Modeling unstructured decision problems—the theory of analytical hierarchies

Thomas Saaty
Joseph M. Katz Graduate School of Business
University of Pittsburgh
United States

Publication date: Sep, 1978

Journal: Mathematics and computers in simulation
Vol.: 20- Issue: 3- Pages: 147-158

Abstract: Quantitative modeling of unstructured decision problems with social implications is new and challenging and has pressing needs. A new approach to scaling using largest eigenvalues and reciprocal matrices and the effect of inconsistent judgment are introduced and relevant theory discussed. In this approach inconsistency is accepted as a fact but measured to determine how bad it is.
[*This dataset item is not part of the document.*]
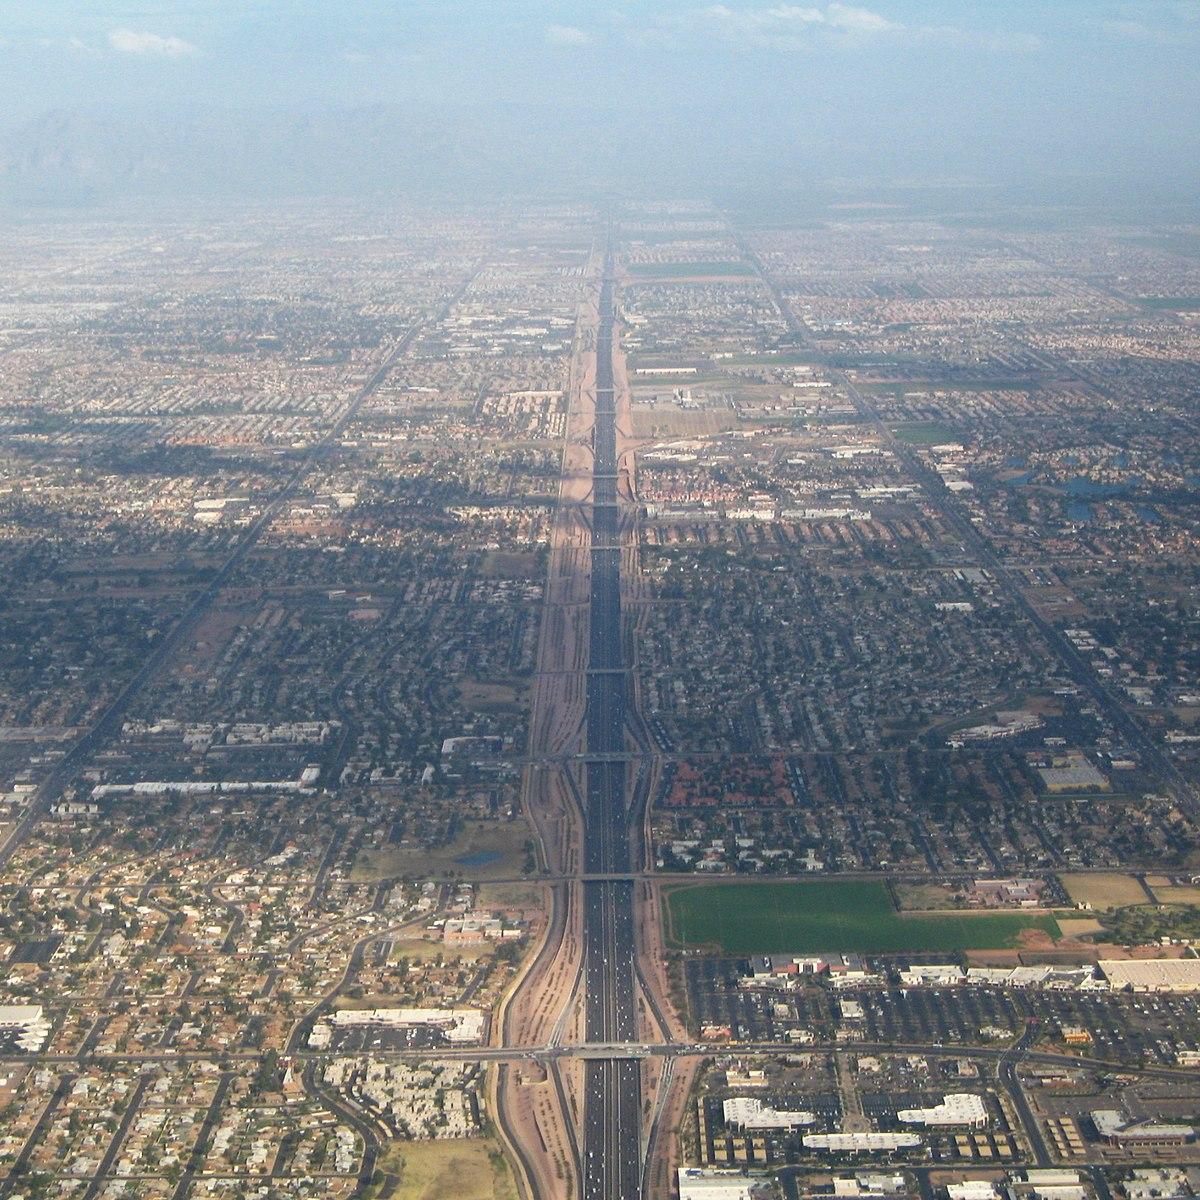 U S  Route 60 in Arizona - Wikipedia

Since most decision problems are hierarchical in form as they fulfill higher and still higher objectives, the appropriate structure for representation is a hierarchy. A new formal definition of a hierarchy is given and the notion of measurement with eigenvalues is extended to hierarchies. Both the eigenvalue approach to measurement and the hierarchical approach are illustrated with examples. Finally, unstructured problems are illustrated through applications of forward-backward planning, a two-point boundary value problem.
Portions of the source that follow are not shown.